Разматывая клубок ниток, чтобы перевязать пучок листьев папоротника, я замечаю, что клубок истрачен и его нити воспоминаний не хватит на дальнейший откат к детству; теперь это делается проще обратным ходом кинофильма. Мы выбираем сырой склон, где особенно пышна растительность и богаты мхи. Отец налегает на заступ городским башмаком, и мы ждем, не появится ли в ямке вода. Мне хочется, чтобы эта картина была последней, потому что она мне очень дорога.

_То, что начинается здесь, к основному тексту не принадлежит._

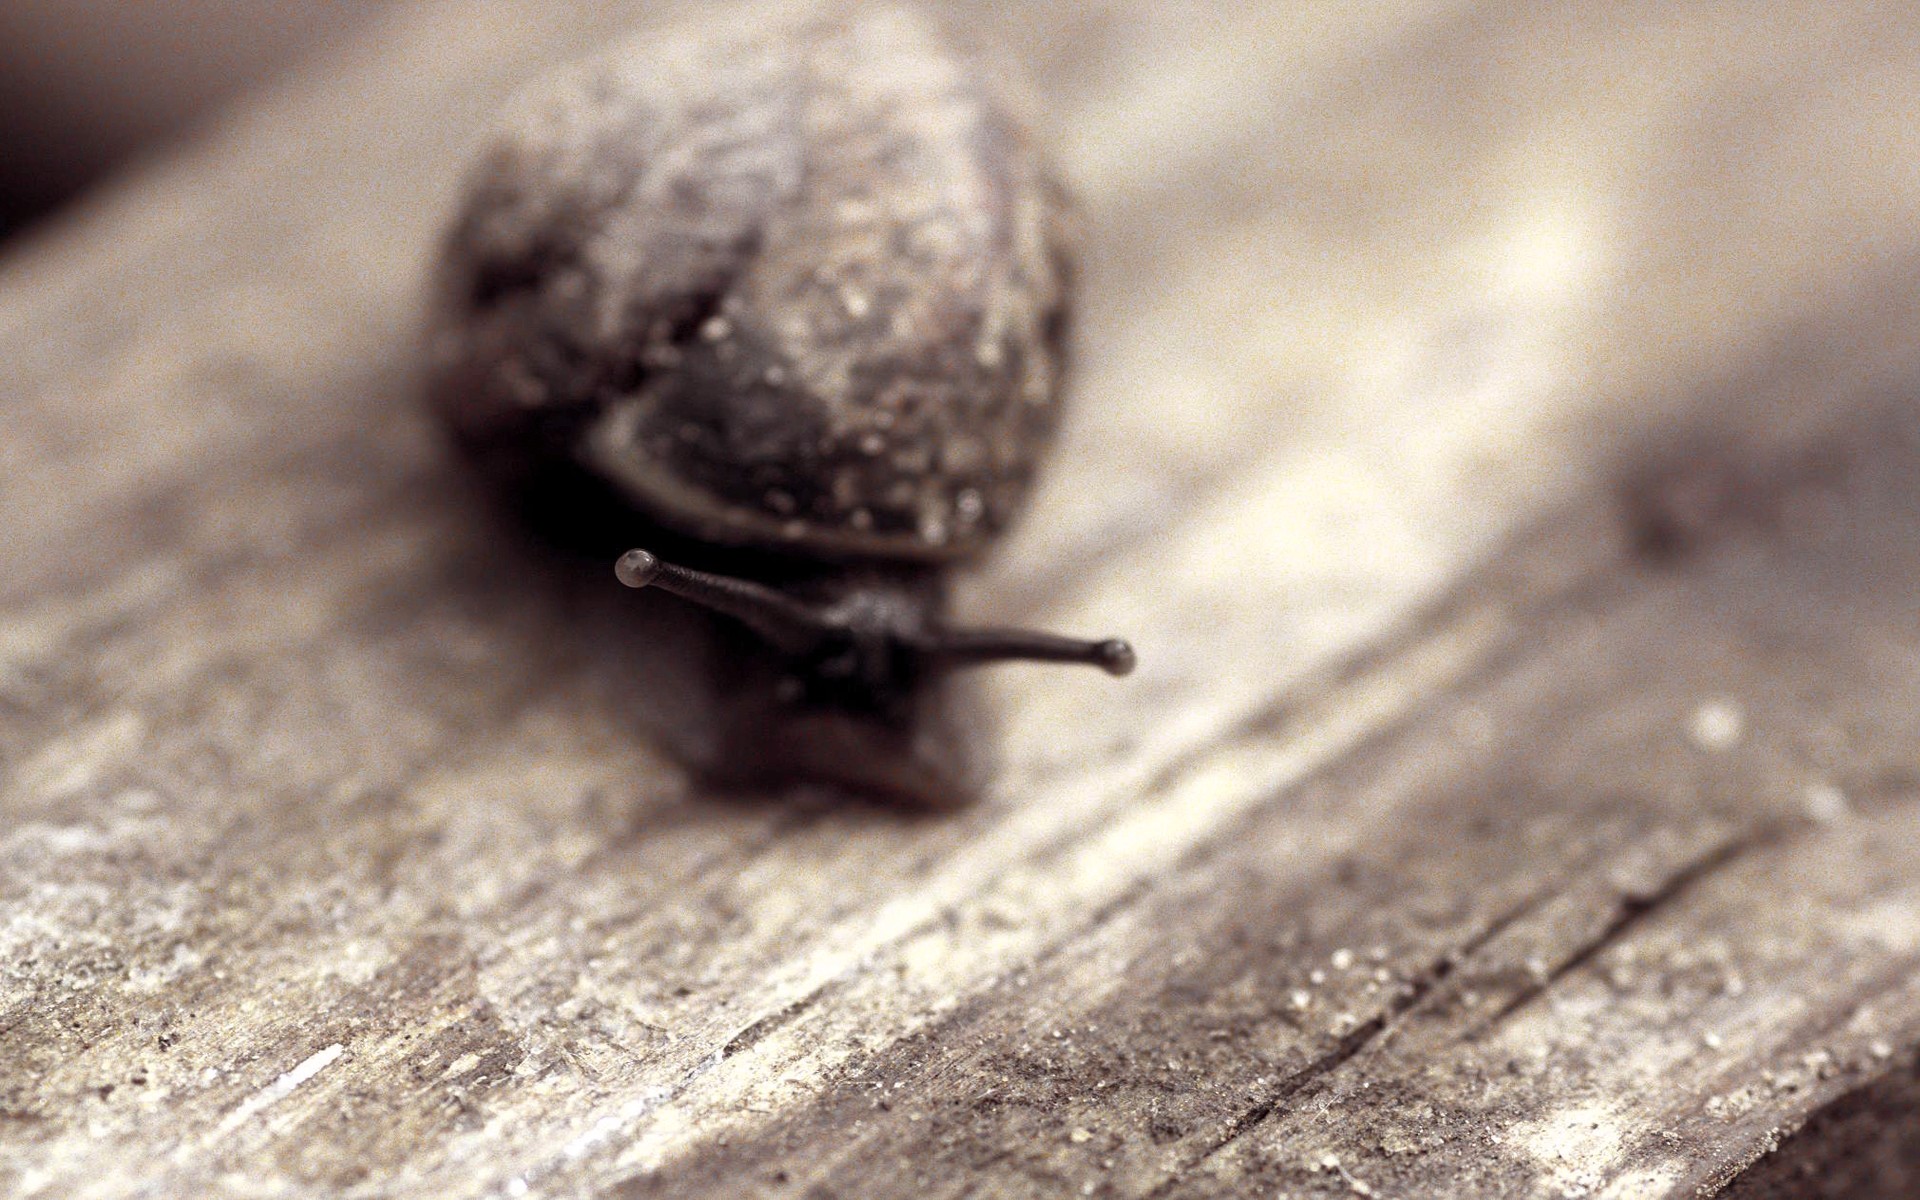 General 1920x1200 snail macro animals sepia wooden surface brown

Краски туманятся, в глазах рябит дрожащая сетка, и последнее, что я слышу и помню,- очень серьезный и очень убедительный голос, который говорит мне, как совсем взрослому:
– Вот и еще один родник свежей и здоровой воды. Мы сделаем желобок, и кто-нибудь, напившись, помянет нас добрым словом. Куда потечет эта вода?
Я уже знаю и подсказываю скороговоркой:
– Отсюда в речку, из речки в Каму, из Камы в море, из моря вернется сюда же легким облачком...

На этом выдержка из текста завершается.